Jurnal Zona
Vol 8, No 2 (2024)

Deteksi Lubang Jalan Secara Otomatis dari Rekaman Drone Menggunakan Model Machine Learning Berbasis YOLOv5 Instance Segmentation di Kota Pekanbaru, Provinsi Riau, Indonesia

Badrul Huda Husain (Balai Penyuluhan dan Pelatihan Kehutanan Pekanbaru Ministry of Forestry of the Republic of Indonesia)
Takahiro Osawa (Center for Research and Application of Satellite Remote Sensing (YUCARS) Yamaguchi University)
Sagung Putri Chandra Astiti (Universitas Udayana)
Dodi Frianto (Office for Standard Implementation of Environment and Forestry Instrument Kuok Ministry of Environment and Forestry Republic of Indonesia)
Muhammad Rizki Nandika (Research Center for Oceanography, National Research and Innovation Agency of Indonesia)
Dewi Agustine (Balai Penyuluhan dan Pelatihan Kehutanan Pekanbaru Ministry of Forestry of the Republic of Indonesia)



Article Info

Publish Date
31 Oct 2024

Abstract

This scientific journal presents an approach to automatically detect road potholes from drone footage using a machine-learning model based on YOLOv5. The primary objective of this research is to develop a reliable and efficient system for road quality inspection. The proposed model achieves promising results with an F1 confidence of 0.83, Precision confidence of 0.96, Precision-Recall of 0.716, and Recall confidence of 0.8. The study aims to serve as a preliminary development toward the future implementation of road quality inspection. By leveraging drone footage and advanced machine learning techniques, the automated detection of potholes can significantly enhance the efficiency and accuracy of road maintenance efforts. Early detection and prompt repair of potholes can lead to improve road safety and reduce vehicle damage.
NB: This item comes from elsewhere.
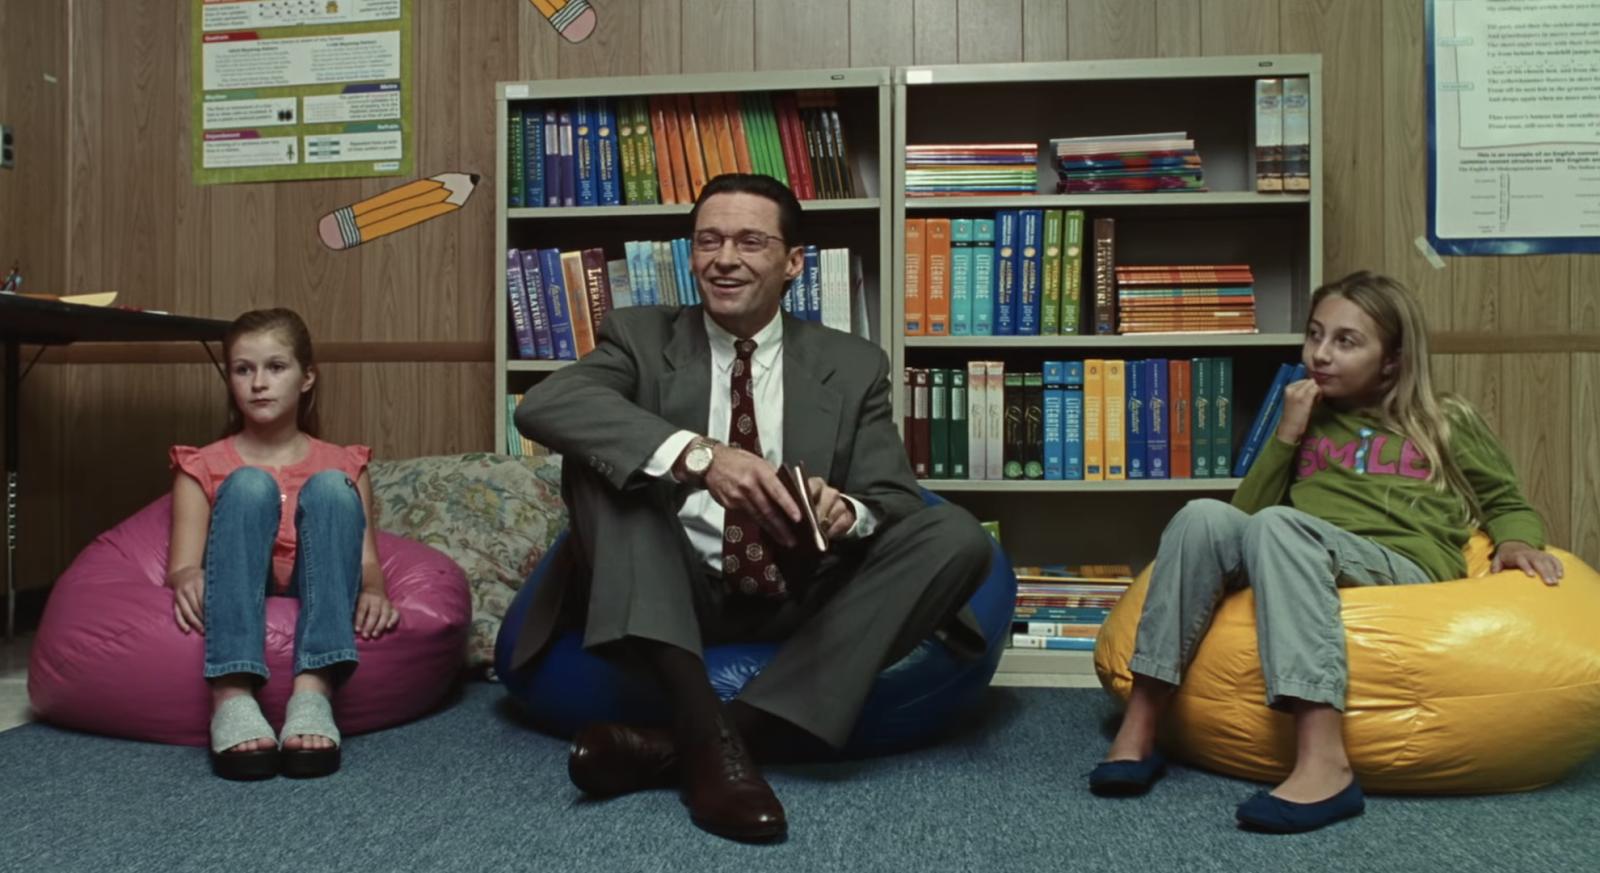 Baseada em fatos reais 'Bad Education' estreia na HBO

Using drones and machine learning models allows for efficient monitoring and assessment of road infrastructure, contributing to sustainable transportation systems and minimizing the environmental impact of inefficient road maintenance. Moreover, this research contributes to the advancement of technology application in the field of environmental science. Overall, this study highlights the potential of YOLOv5-based machine learning models in automating the detection of road potholes from drone footage. The results demonstrate its effectiveness in accurately identifying and localizing potholes, paving the way for further advancements in road quality inspection and technology applications within the field of environmental science.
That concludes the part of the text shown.